Last weekend in Nashville, a Metro Nashville Police officer stopped to pose for a photo with the Valhalla crew, who have prominently been involved in some of the most recent major street takeovers across Nashville. Around the same time as the impromptu photo shoot with members whose hoodies read “Fuck Metro PD” across the back, an officer gave chase to a street racer, but his patrol car wasn’t able to catch up. As the car sported a fake license plate, there was no immediate way to trace the vehicle to its owner, although Scoop: Nashville confirmed the driver later swapped their license plate and rims before police knocked on their door, making the car hard to confirm, and no arrest was made.

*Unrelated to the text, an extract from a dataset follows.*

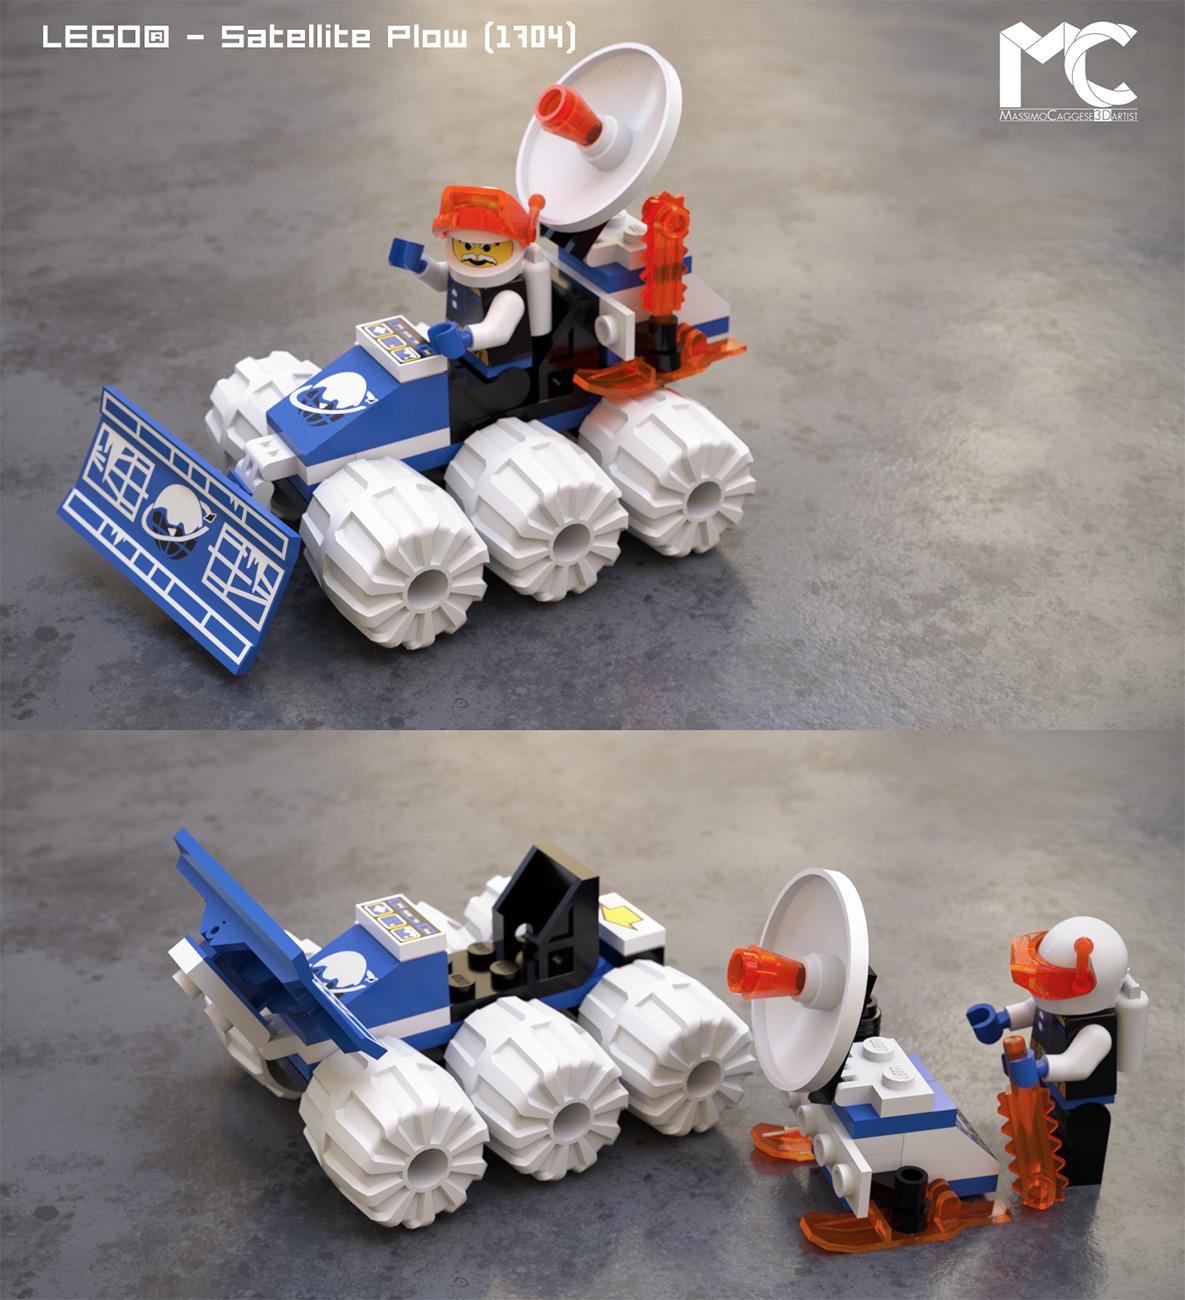 LEGO - Satellite Plow (Octane Render).

Neighbors in Antioch, who already have response times in the hours for calls to police on the weekend, say they get no relief even if they call to report the illegal street racing and shutdowns. The street racers (a term coined by MNPD, they do not embrace that name for themselves) have successfully shut down intersections across Nashville with almost no enforcement. Even when the police arrive at their meets and side shows before the takeovers, they are outnumbered by at least 100:1, so enforcement is basically catching the last couple of cars as they leave so they can make a social media push about how they arrested a “street racer,” which is only for show, and does nothing to appease frustrated neighbors who deal with the noise until the early hours of the morning.

Previously, Metro Nashville Police escorted ATVs through intersections during takeovers, to avoid any escalation or safety issues, making a handful of minor arrests, which were later dismissed. In a 2019 Highway shutdown, they were powerless to do anything but watch as hundreds of cars dispersed throughout the city.

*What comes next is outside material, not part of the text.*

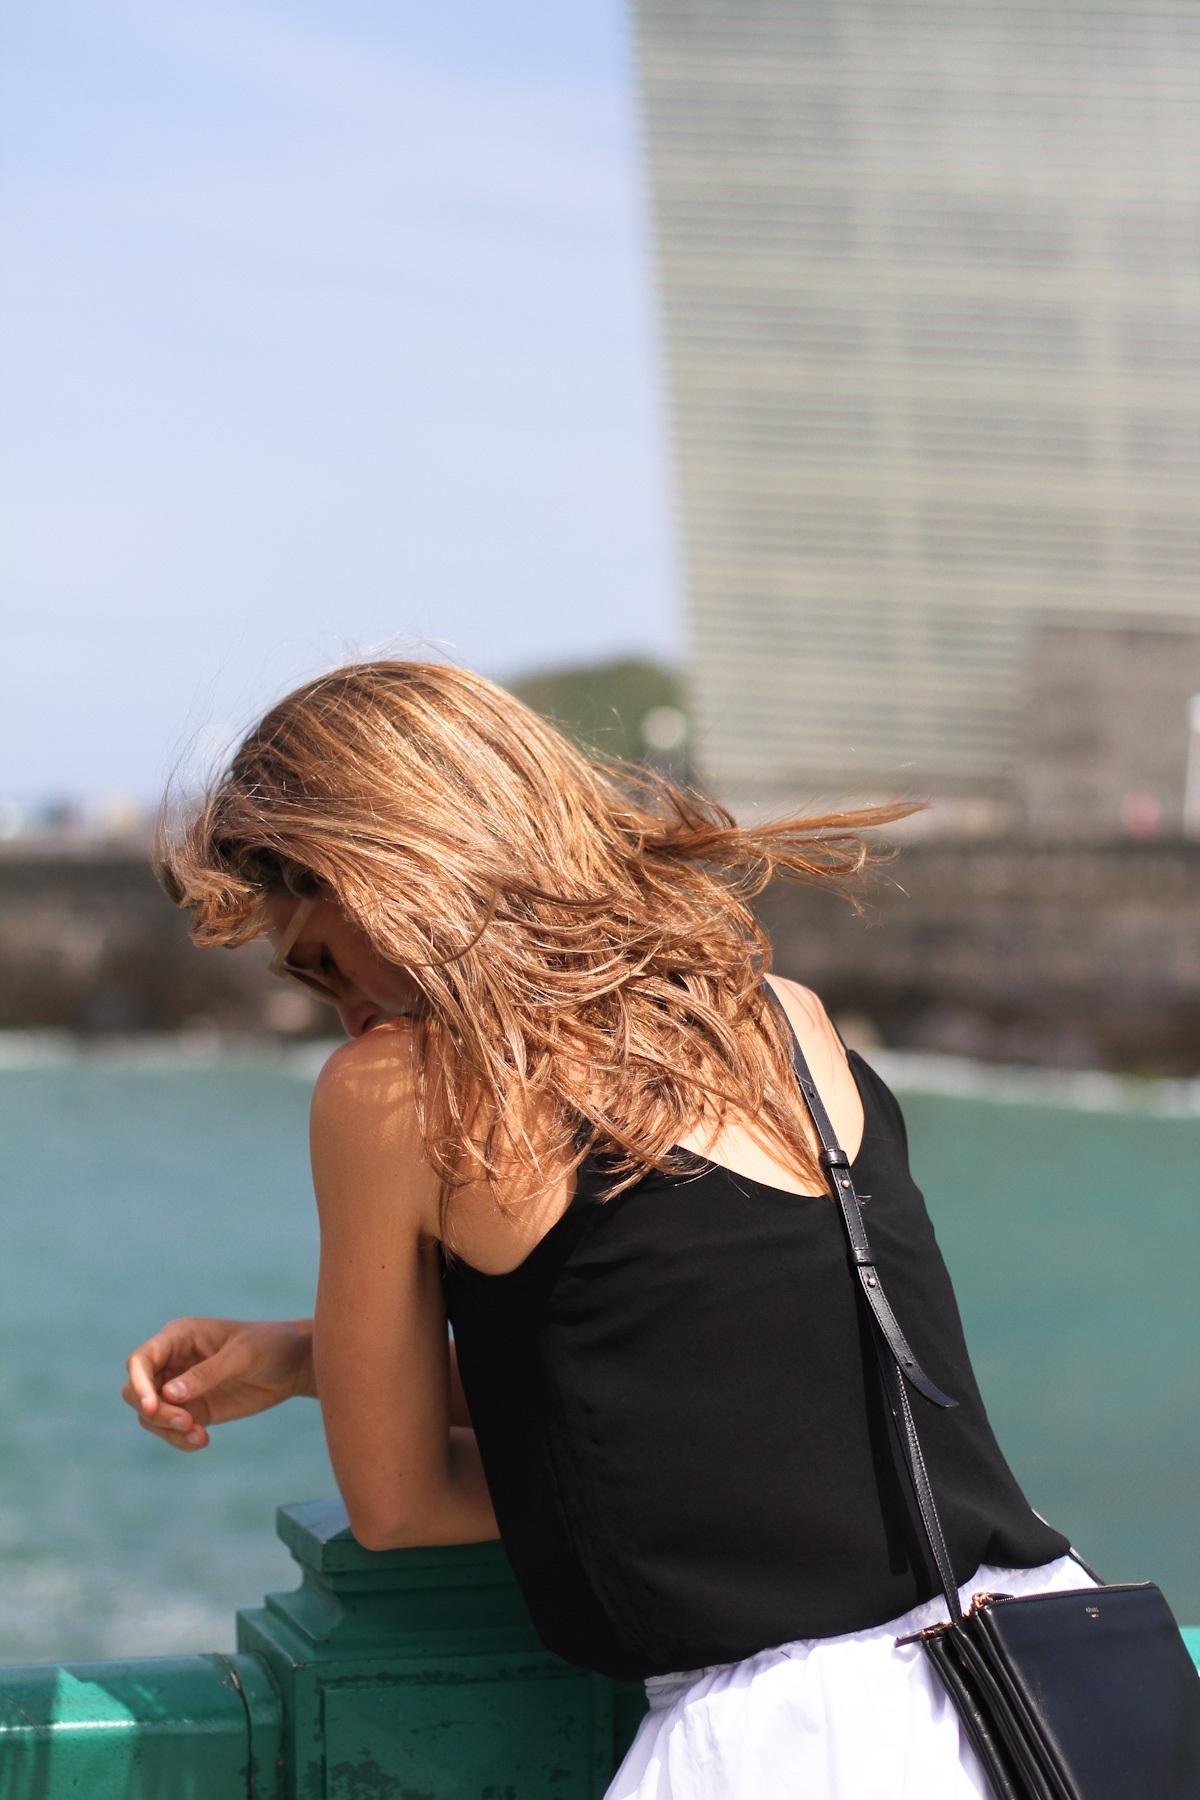 clochet_outfit_streetstyle_zara-white-midi-skirt_celine-trio-bag_-4

The “friendly” response is nothing new for Metro Nashville Police. In 2014, about 450 people marched through downtown Nashville in solidarity with Ferguson, Mo., blocking streets and interstates. The police department brought them hot chocolate as they shut down traffic on a major interstate.

More meets, sideshows, and street takeovers are planned in the coming weeks, according to multiple groups who routinely participate in the events.